Against the Current, No. 26, May/June 1990
Marsha Rummel
The Fate of the Forest: Developers, Destroyers and Defenders of the Amazon By Susanna Hecht and Alexander Cockburn London and New York Verso, 1989, 266 pages, $25 hardcover.
THE U.S. LEFT has begun to grapple with questions about the environment, and an emerging Green movement offers itself as the new force for social transformation. Many Greens argue that the Left’s focus on the working class as the primary agent for social change is outmoded, that industrial “progress” has escalated environmental degradation to the point where we face extinction and not the promised prosperity and leisure of a better world.
Many Marxists have tended to accept the exploitation of nature without considering the carrying capacity of air, land and water. State-managed economies have not protected the environment any better than capitalist ones. But we should be equally wary of romantic solutions that idealize the beauty and purity of the natural world and seek to protect wilderness from despoliation by preventing human access.
Our relationship to “nature” and how we perceive the obligations of this relationship are central questions in Susanna Hecht and Alexander Cock burn’s book It is a fascinating introduction to the history and ecology of the Brazilian Amazon, one of the world’s most famous and mythologized rivers, and essential reading for anyone seeking to understand what socialist ecology offers.
Pitted against one another, rubber tappers, petty extractors, colonist farmers and large landholders fight for control of the land of the Amazon. The consequences of this scramble, millions of acres of forest burned down, has led to the organization of rubber tappers and other forest dwellers to defend the forest and their livelihoods.
“The extinction is not only of nature but of socialized nature: what is also being exterminated in the Amazon is civilization.” (50)
Markets based on the extraction of forest products are behind this conflict and the destruction of the forest by development and fires. The authors trace the development of a mercantile elite enriched by “products dragged out from the forest by slave or peon.” Petty extraction is defined as “the removal of some part of an eco-systems material for commercial or domestic consumption” in a manner that guarantees their continued availability. Rubber, quinine, brazil nuts, cocoa and palm hearts are commodities that have been traded on regional and international markets for over 500 years.

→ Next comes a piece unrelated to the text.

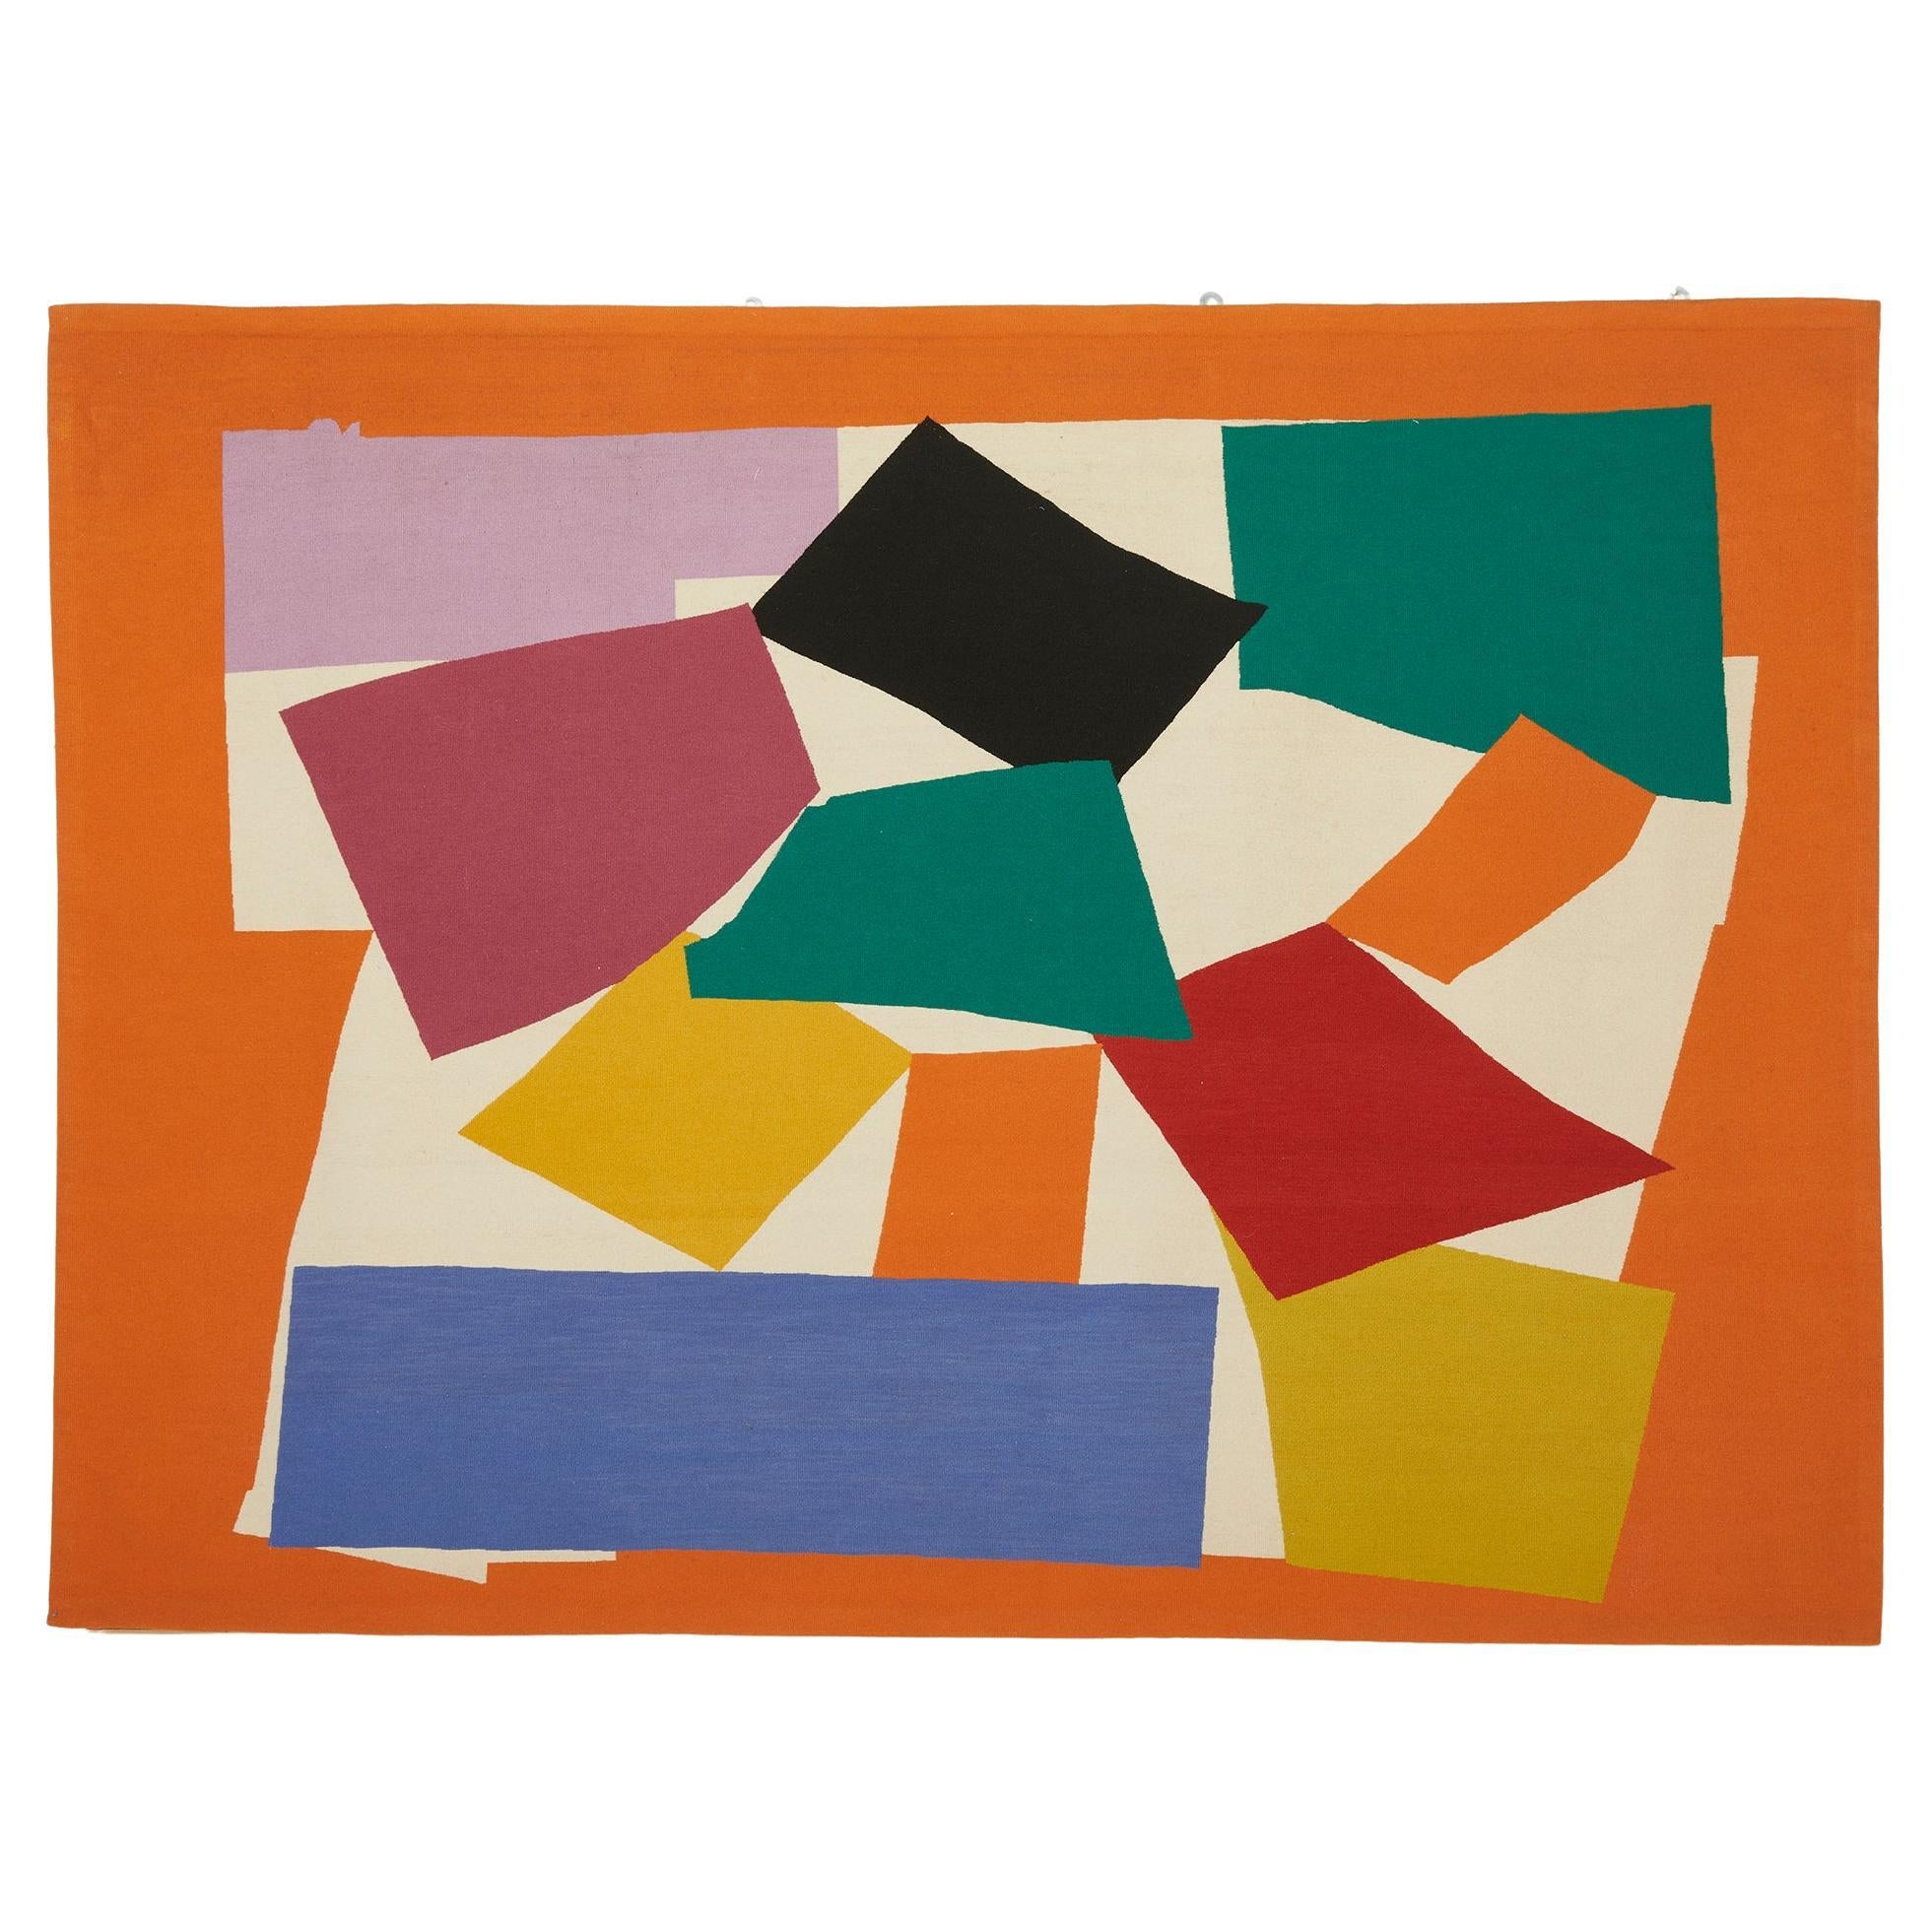 Wall Tapestry After "L'escargot" by Henri Matisse, Manufactura Portalegre, 1970 For Sale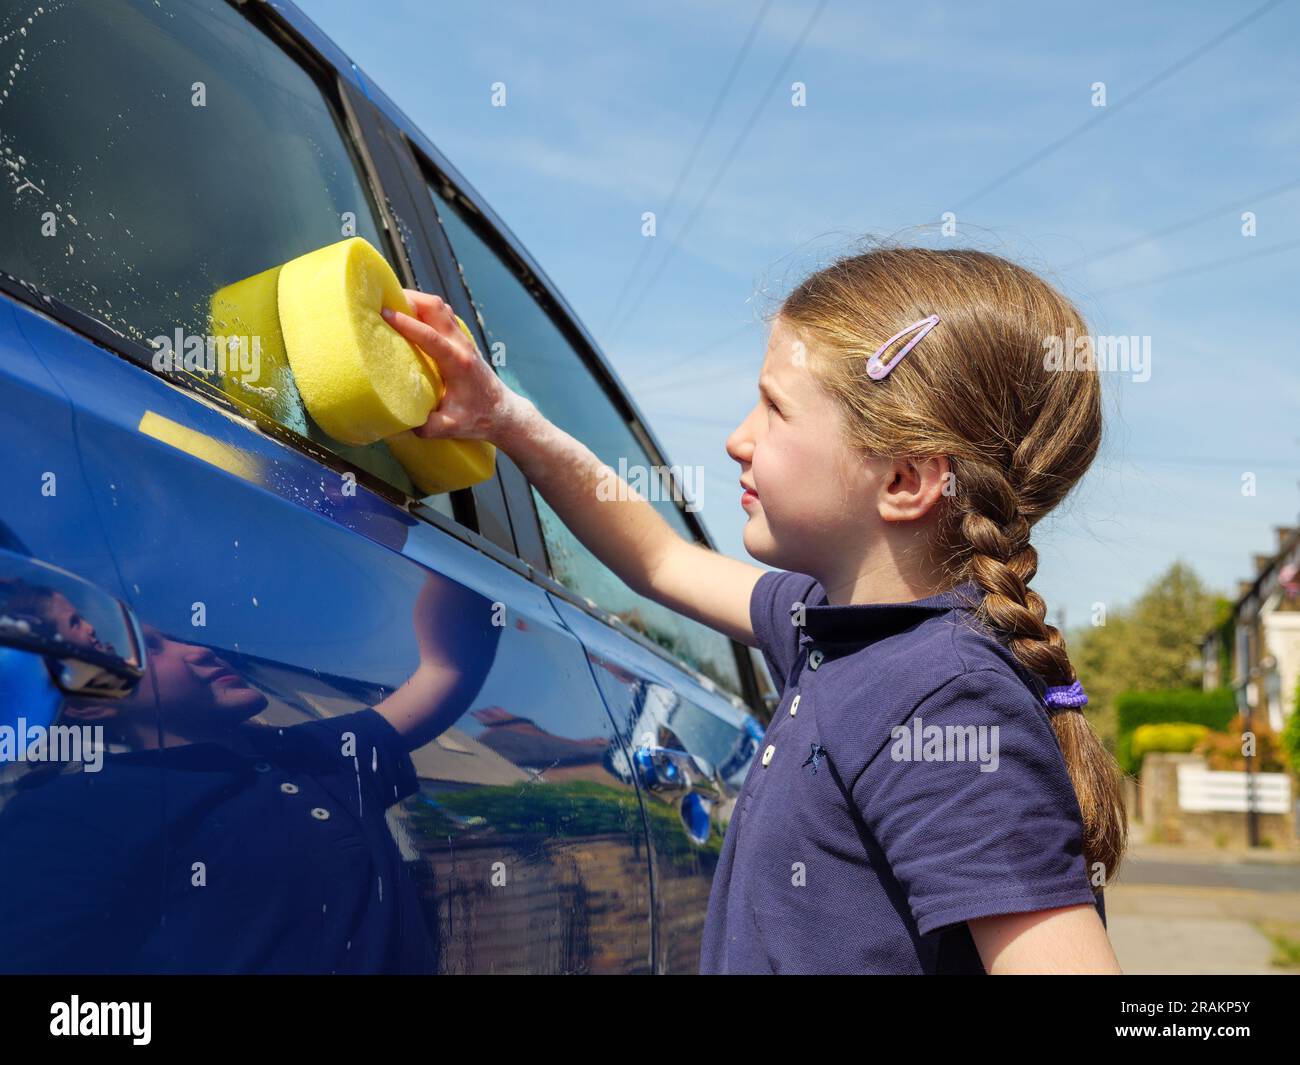 kids cleaning cars｜TikTok Search

From the 1770s onward, the state has intervened in the exploitation of the Amazon by providing incentives: cash subsidies, tax holidays, price supports and forced labor in order to lure prospective entrepreneurs and establish agriculture; For the past twenty-five years Brazil’s rulers have increased such incentives, hoping to stimulate expansion of their military and construction industries, resulting in massive, destructive forest burnings largely for cattle ranching.
“Those who made their livings out of sustainable uses of the forest were pitted against the ranchers and land-grabbers whose fortunes lay in clearing it.”
The Forest People’s Alliance
An alternative vision for the nation and the land is promoted by the rubber tappers, who held their first national meeting in 1985. The Rubber Tappers Council issued a manifesto demanding that they participate in the planning and execution of all development programs in the region. The rubber tappers and other rural unions urged the establishment of “extractive reserves?” “These reserves would recognize the use rights of the local population, but the holdings would not be privately owned.” (181)
In the manifesto, say Hecht and Cockburn, the forest dwellers,
“Called for popular control over the means of production and distribution of forest commodities, along with the provision of financial credits to producers rather than to middlemen. They also called for justice and legal protection of their rights to land and life. These are the concrete elements of a socialist ecology—the only strategy that can save the Amazon and its inhabitants.” (187)
Thousands of militant forest people, demanding agrarian reform and supported by international public opinion, pose a serious challenge to Brazilian elites. But the establishment of extractive reserves does not necessarily call into question existing social and political arrangements. As Hecht and Cockburn observe,
“The reserve can demobilize an aroused population which has been vehemently pressing for larger structural change. Here we come to the pitfalls that lie in the line of march staked out by the green movements in the First World. By de-emphasizing ‘old-fashioned concerns’ with political economy, property relations and distribution, they extol the reserves as environmentally sound solutions where the good rural life can continue.” (203)
One shortfall of The Fate of The Forest fails to acknowledge the role and experience of women in the Amazon. Presumably, women have played a major role in agricultural production. Perhaps there are even women who are petty extractors. Women’s contribution is an essential component of socialist ecology.
But overall, the analyses and solutions posed by Hecht and Cockburn are persuasive. The forest people will continue to demand reforms. Sustainable uses—as opposed to rarified isolation or all-out exploitation—of the forest have a long history and offer the best hope for an economically and ecologically sound future. The struggle in Amazonia contains rich lessons about agents of change and ultimate aims that the U.S. left and ecological movement should heed.